To get clarity on what a word, phrase, or anything means, you can use this question.
19. How do you spell that?
Did someone use a word that you haven’t heard before? Or perhaps someone is giving you a name or address and you want to make sure that you know exactly what they’re saying.
Person A: Sure, no problem. Come to my house and we’ll talk. It’s at 20 Bohemia Ave.
You: How do you spell Bohemia?
Person A: B-O-H-E-M-I-A
You: Perfect, thank you.
How to Speak on the Phone in English
What do most English conversations look like, so that you can call that girl or boy you like, or have the ability to speak to your family members?
21. This is [Your Name] speaking
Let the other person on the phone who they’re talking to by sharing your name. Usually this will be your first name.
22. Can I speak to?
Are you trying to get hold of someone, but a different person picked up the phone?
Person A: Hello, this is Mariela speaking.
You: Hi Mariela. Can I speak to John?
23. Thank you, I’ll hold.
Person A: Yes, I’ll connect you with John now.
You: Thank you, I’ll hold.
24. When is a better time to call back?
If the person you’re trying to get in touch with is not available, you can get a better idea of when to follow up with this question.
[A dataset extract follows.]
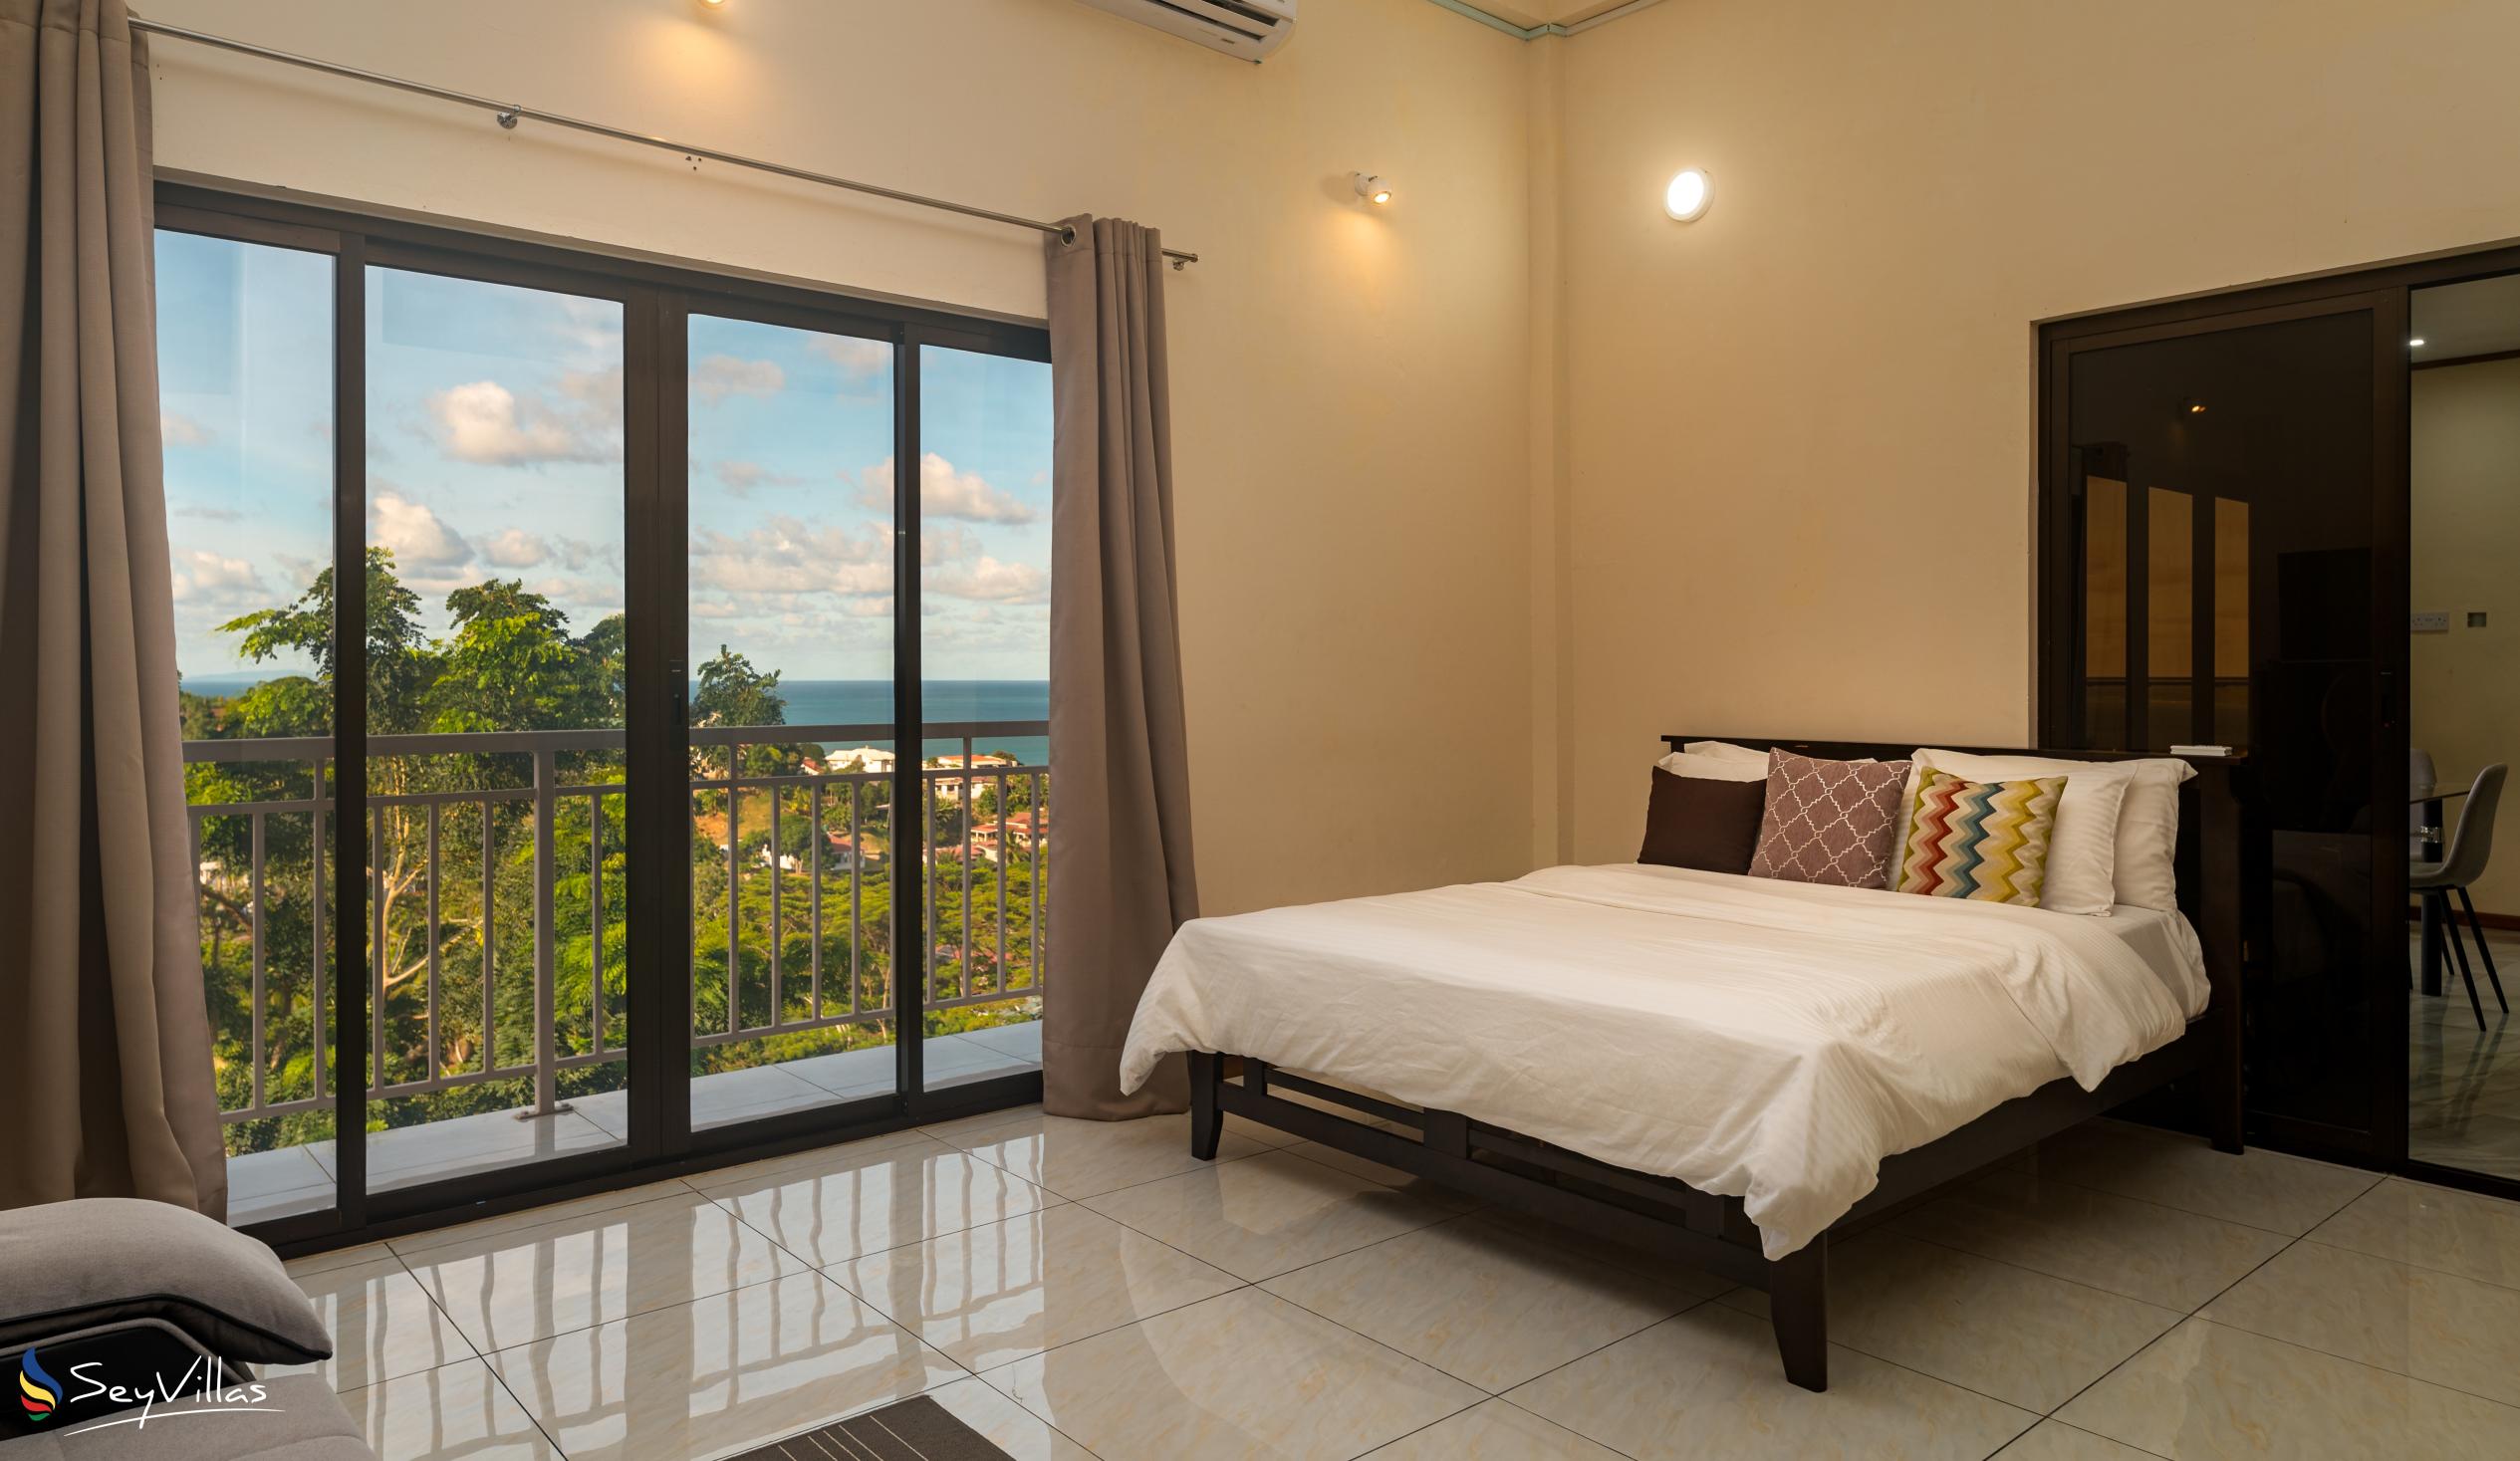 Foto 50: Maison L'Horizon - Appartement 1 chambre Lalin - Mahé (Seychelles)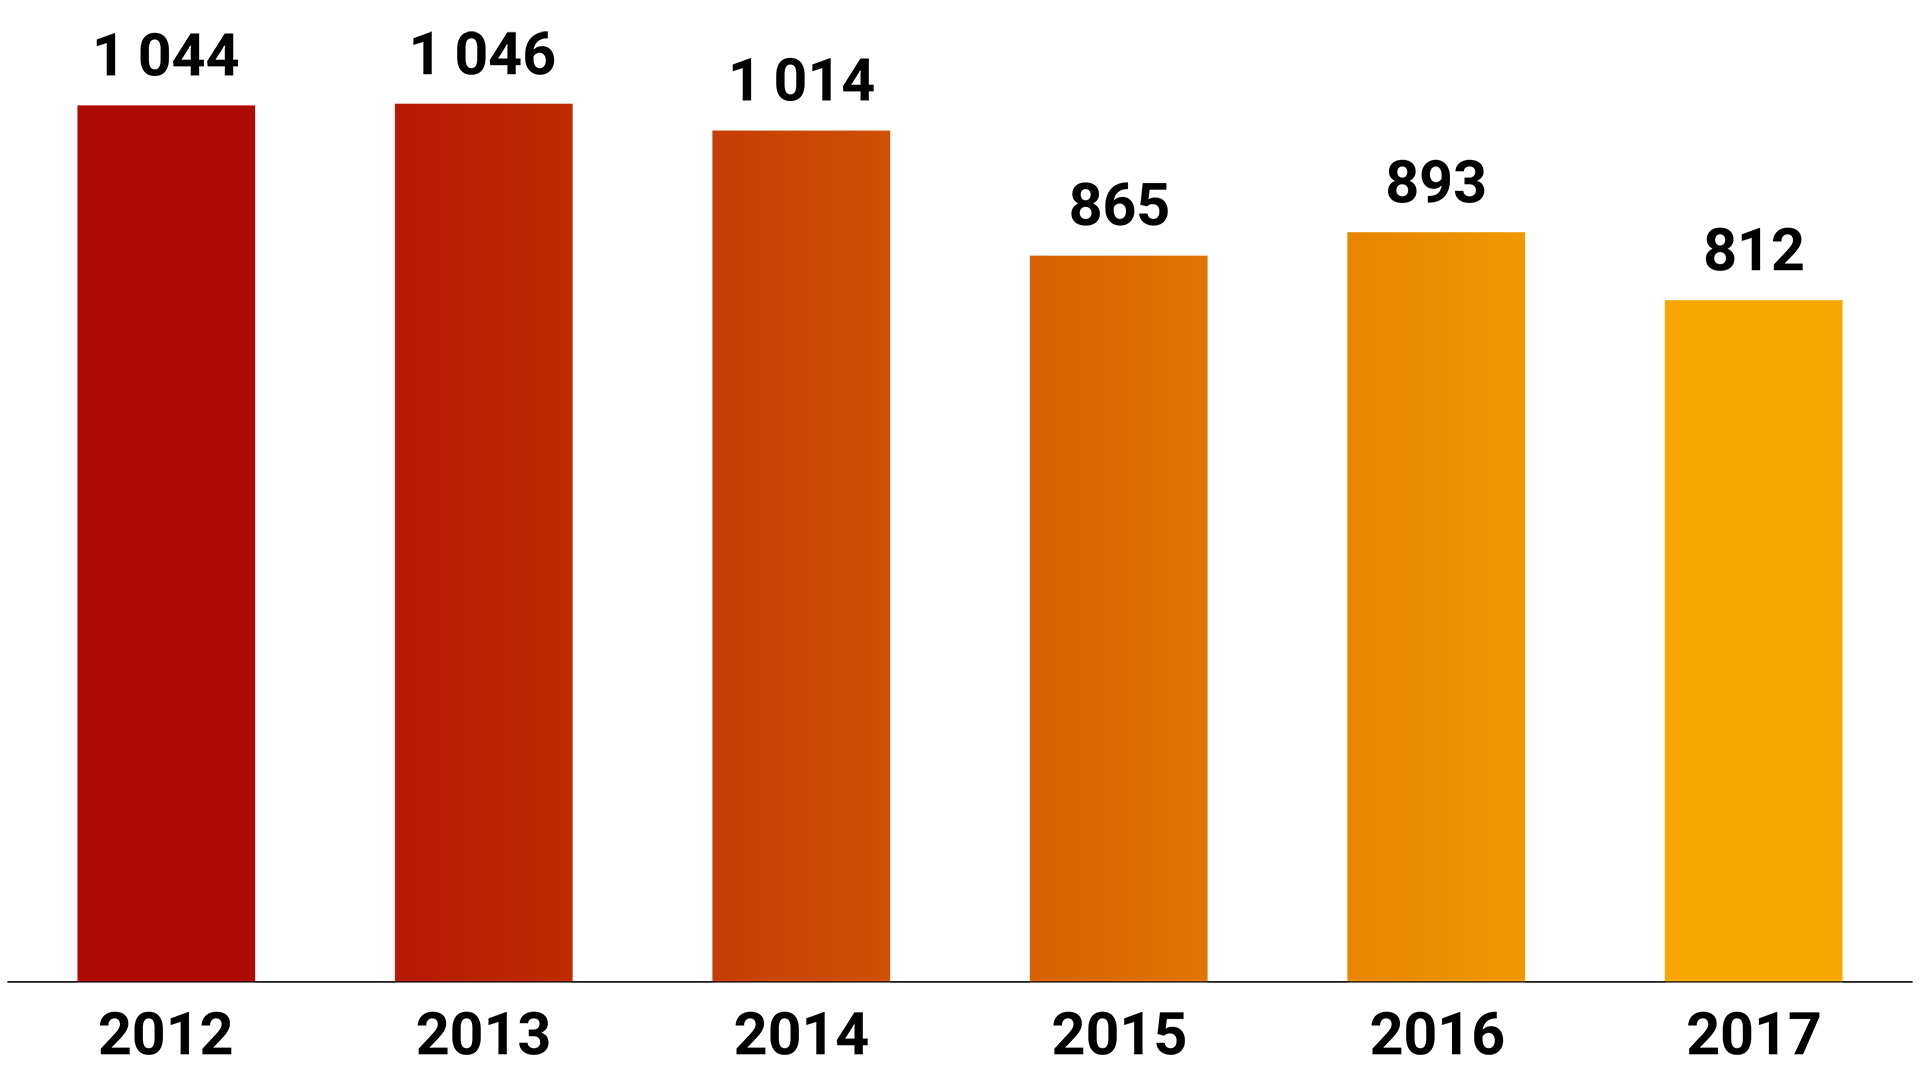 Antal trafikolyckor 2012-2017: 2012 1 044, 2013 1046, 2014 1 014, 2015 865, 2016 893, 2017 812.

Person A: Sorry but John is not here.
You: No problem, when is a better time to call back?
Most Common English Phrases for Travellers
Do you have a trip coming up in the United States, Australia, England, or another English speaking country? You may want to keep these handy.
25. How do I get to [location]
When you land in a new area, and you need to find your hotel, a restaurant, or a touristic spot, this is a very useful question to know.
You: Excuse me. How do I get to Time Square from here?
26. Where is the nearest ATM?
Whether you’re at the airport or you’re speaking to a local shopowner, you can ask them where the ATM machine is.
27. How much is this?
Generally used when you’re shopping at a market or shop without a price tag, you can use this to ask the price.
28. Turn left/right or go straight
Directions are important mostly to understand when someone is giving it to you.
29. What is your phone number/Instagram/Facebook?
Met a cute girl or boy that you want to keep in touch with? Or a cool person that you want to reconnect with in the future? Ask them for their contact information or social media.
Business English Phrases For Work
Lastly, we wanted to cover the most basic English phrases for business. If you happen to have an English speaking co-worker or if you’re currently working for an English speaking organization, read on.
30. Who am I speaking with?
Similar to the basic phrases we shared for phone conversations, this is useful to know when you’re on a call at work.
31. What do you think about [proposal/project/idea]?
Feedback is vital to succeed at the workplace. If you want to know what your colleague or boss thinks about your new idea/proposal/project, ask them this question.
32. I agree with you.
Share with a co-worker that you’re on the same page as them.
Person A: Mary is a great colleague but I think she needs to do a better job with motivating her team members.
You: Yes, I agree with you on that. But…
33. I think we should…
When you want to propose a new idea, you can introduce it by saying this.
34. I’d like to introduce you to my colleague, [first name]
Become a connector when a new team member joins your team or when you’re introducing someone to a friend.
35. Is there anything else we need to discuss for today’s meeting?
This is useful at the end of a meeting to ask everyone on your team if there’s anything else you need to talk about.
You: Thanks everyone for sharing your ideas and feedback. Is there anything else we need to talk about?
We hope you found these basic phrases useful to help you speak English more confidently. It’s not going to be easy at first, so make sure you practice, practice, practice. And remember, focus on the most valuable words first, instead of trying to memorize all 35 phrases we shared with you today.